Смольный в великую ночь*

Смольный в великую ночь*

Весь Смольный ярко освещен. Возбужденные толпы народа снуют по всем его коридорам. Жизнь бьет ключом во всех комнатах, но наибольший человеческий прилив, настоящий страстный буран — в углу верхнего коридора: там, в самой задней комнате, заседал Военно-революционный комитет. Несколько девушек, совершенно измученных, тем не менее геройски справляются с неимоверным натиском приходящих за разъяснениями, указаниями и с различными просьбами и жалобами лиц.

Когда попадаешь в этот водоворот, то со всех сторон видишь разгоряченные лица и руки, тянущиеся за той или другой директивой или за тем или другим мандатом.

Громадной важности поручения и назначения делаются тут же, тут же диктуются на трещащих без умолку машинках, подписываются карандашом на коленях, и какой-нибудь молодой товарищ, счастливый поручением, уже летит в темную ночь па бешеном автомобиле.
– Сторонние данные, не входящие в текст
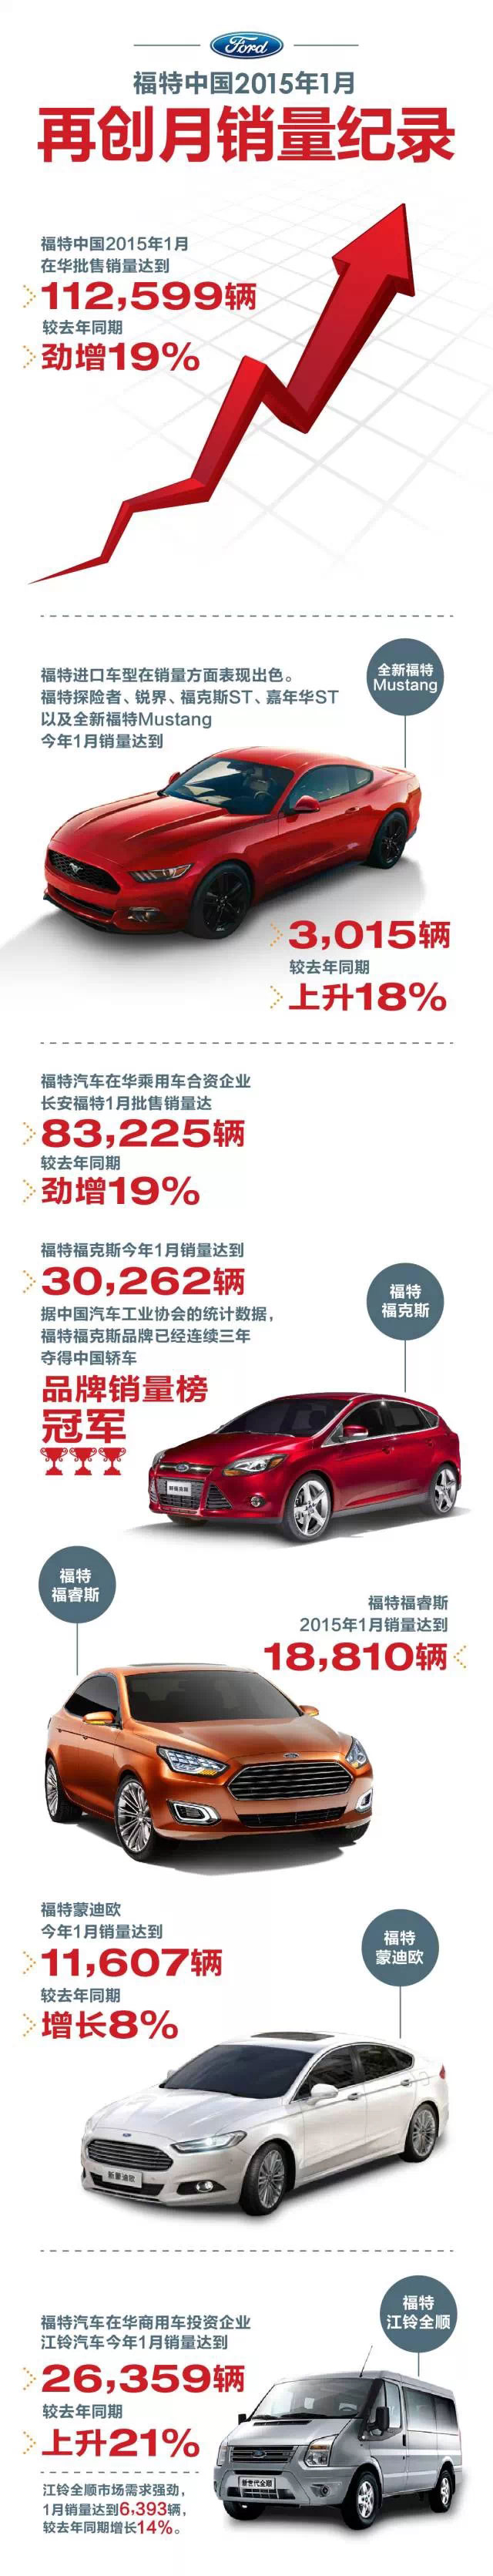 福睿斯劲销18810辆 福特中国公布2015年1月销量

А в самой задней комнате, не отходя от стола, несколько товарищей посылают, словно электрические токи, во все стороны восставшим городам России свои приказы.

Я до сих пор не могу без изумления вспомнить эту ошеломляющую работу и считаю деятельность Военно-революционного комитета в красные Октябрьские дни одним из проявлений человеческой энергии, доказывающим, какие неисчерпаемые запасы ее имеются в революционном сердце и на что способно оно, когда его призывает к усилию громовой голос революции.

Среди этих главных руководителей переворота, среди группы замечательных людей, и позднее показавших себя в истории нашей революции (Антонов, Скрыпник, Иоффе и др.), спокойствием, находчивостью и неутомимостью выделялся незабвенный Моисей Соломонович Урицкий. В самый день переворота и некоторое время после он был, несомненно, так сказать, центром центра. Общее политическое направление шло от наших великих вождей, но вся техника восстания велась главным образом Урицким.

Заседание Второго съезда Советов началось в Белом зале Смольного поздно1…Есть у коммунистов эта особенная черта: вы не часто встретите среди них людей, клокочущих страстью, напоминающей порою исступление и даже истерику; при огромной энергии и внутреннем горении они обыкновенно внешне спокойны, и это спокойствие выступает на первый план как раз в самые рискованные и яркие дни.

Настроение собравшихся праздничное и торжественное. Возбуждение огромное, но ни малейшей паники, несмотря на то, что еще идет бой вокруг Зимнего дворца и то и дело приносят известия самого тревожного свойства.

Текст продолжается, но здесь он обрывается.